A modular door according to claim 5, wherein said metal is selected from the group comprising magnesium, aluminium and steel.
A modular door according to any one of claims 1 to 4, wherein said plurality of inter-linked elements comprise plastic extrusions.
A modular door according to any one of the preceding claims, wherein one of said two end elements is provided with apertures suitable for the insertion therein of a lock and handle assembly.
A modular door according to any one of the preceding claims, further provided with ballistic protection material between said two series of inter-linked panels.
A modular door according to any one of the preceding claims, further provided with fire and sound insulation material between said two series of inter-linked panels.

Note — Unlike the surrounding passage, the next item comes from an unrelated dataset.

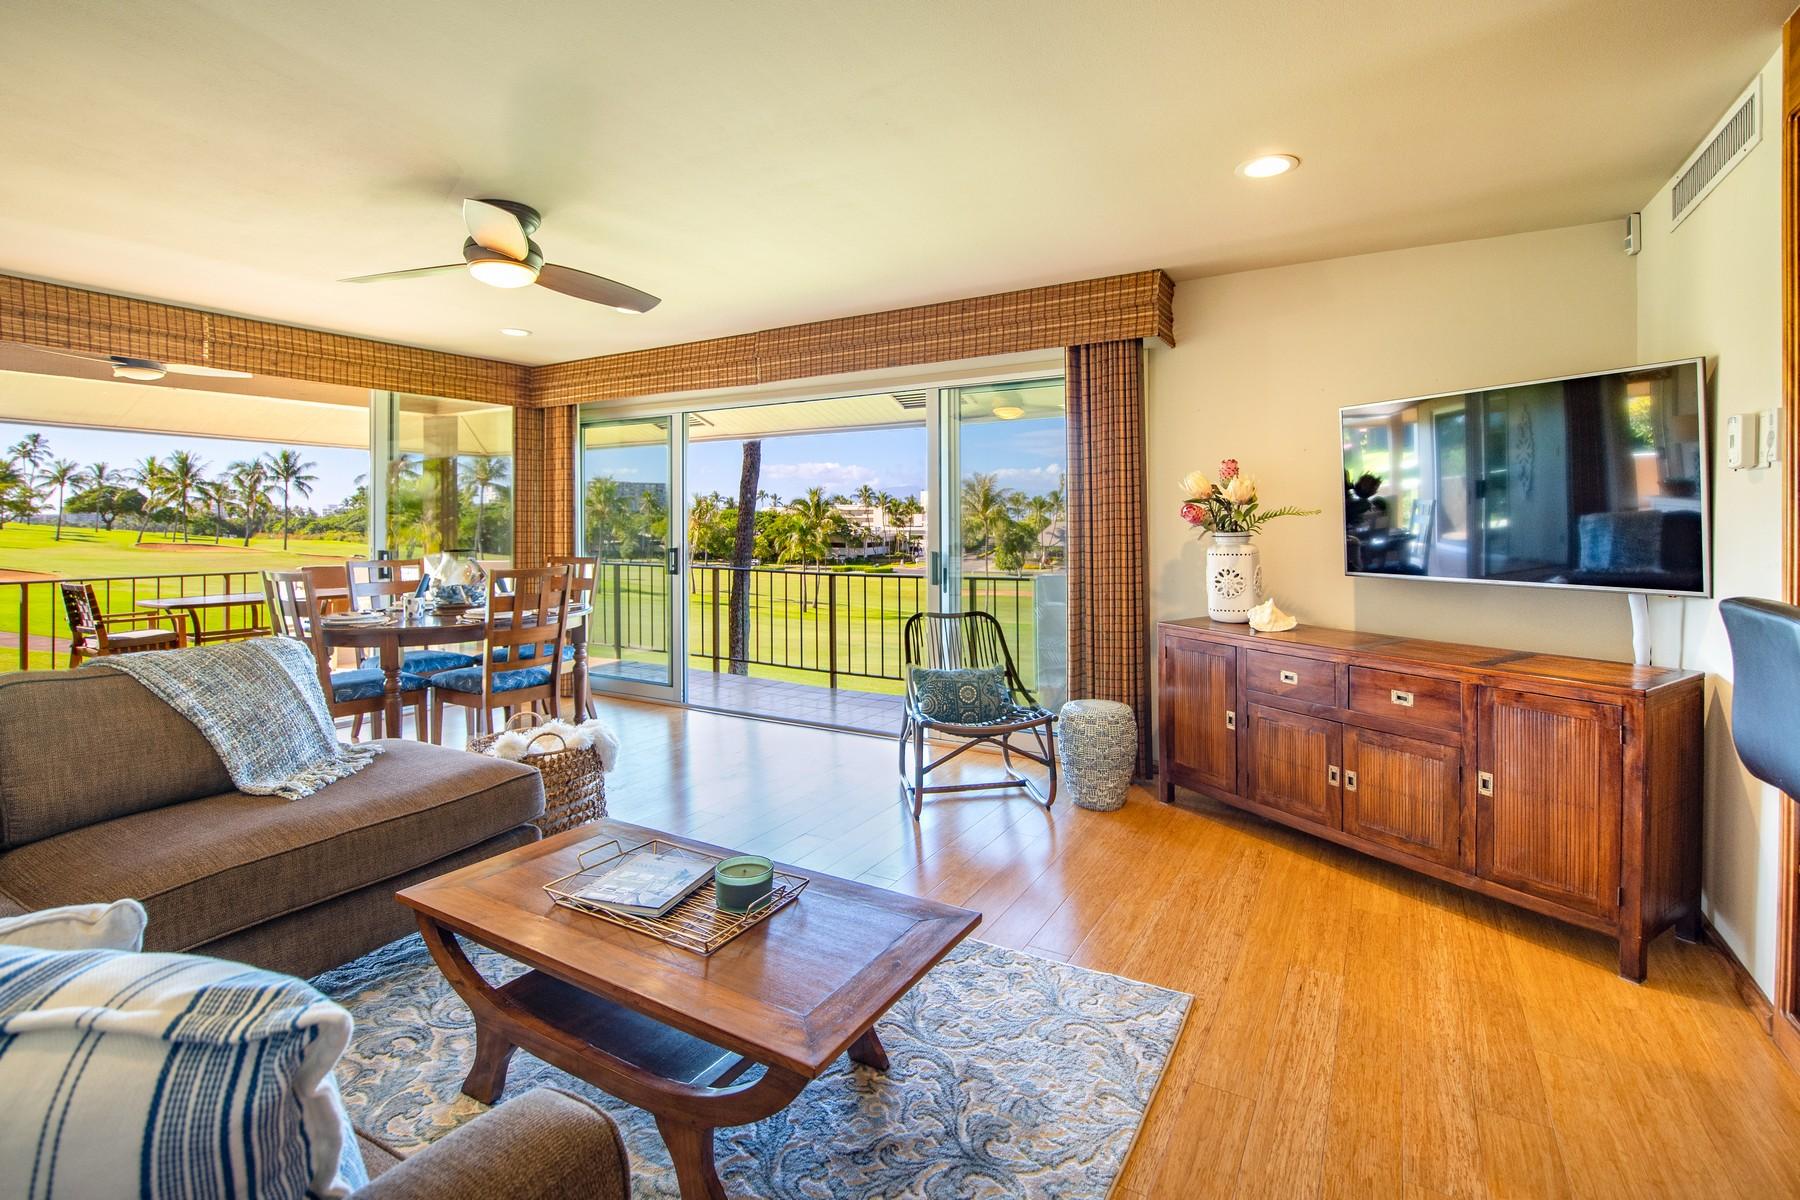 Condominiums for Sale at Live on the Golf Course in Kaanapali 2661 Kekaa Dr, Maui Eldorado #G206-207 Lahaina, Hawaii 96761 United States

A modular door according to any one of the preceding claims, wherein said two series of inter-linked panels are each composed of at least one long and one shorter panel assembled in abutting relationship to each other, whereby the height of said door can be varied.
A modular door according to any one of the preceding claims, further including an upper step profile, extending along the upper edge of said door, said upper step profile inter-linking with each of said plurality of inter-linked elements.
A modular door according to any one of the preceding claims, further including an lower step profile, extending along the lower edge of said door, and inter-linking with each of said plurality of inter-linked elements.
A modular door according to claim 13, wherein said lower profile may be height-adjusted to reduce the gap between the floor and said modular door.
A modular door according to any one of the preceding claims, wherein said two series of inter-linked panels are curved.